Influence of thermal contact resistance on the field emission characteristics of a carbon nanotube

Abstract

A recent algorithm developed by Tripathi et al. [J. Appl. Phys. 128, 025017 (2020); Erratum, J. Appl. Phys. 131, 169901 (2022)] is modified to study the effects of thermal contact resistance on the field emission (FE) properties of a carbon nanotube (CNT). The model takes into account the temperature dependence of the CNT electrical and thermal conductivities. The boundary condition proposed by Huang et al. [Phys. Rev. Lett. 93, 7 (2004)] is used to include the effects of thermal contact resistance at a CNT/chuck interface located at x=0, i.e., Tc=T(x=0)=λπr2κ(Tc)(∂T/∂x)x=0+T0, where r is the CNT radius, κ(Tc) is the heat conduction coefficient at x=0, and λ is the thermal resistivity of the CNT/chuck interface.

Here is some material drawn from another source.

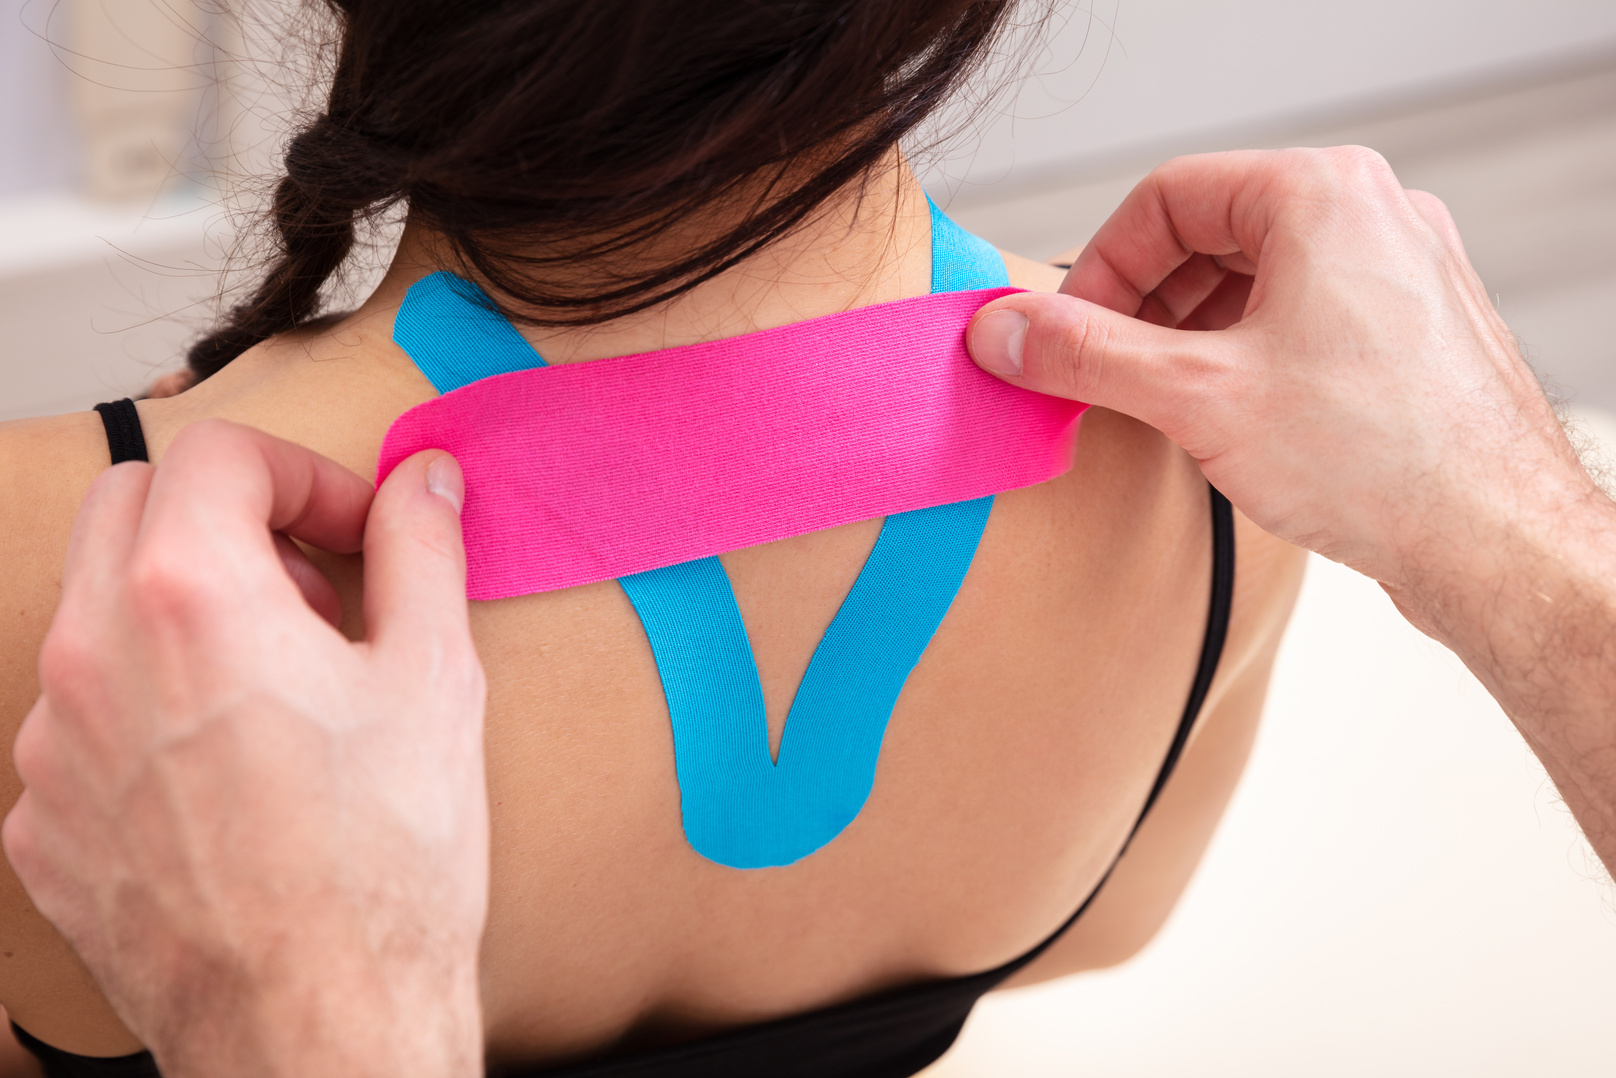 Special Physio Tape On Woman's Back

The chuck is assumed to be a perfect heat sink at temperature T0. For a given set of CNT parameters and values of the applied external electric field, it is shown that current constriction at the CNT/chuck contact point leads to self-heating effects which increase with the value of the thermal contact resistance, leading to an increase in the temperature profile along the CNT (including the temperature at its tip) and the FE current above their values obtained assuming the CNT/chuck interface is at the heat sink temperature T0. The fractional change of the emission current versus applied external electric field is calculated for increasing values of the parameter λ.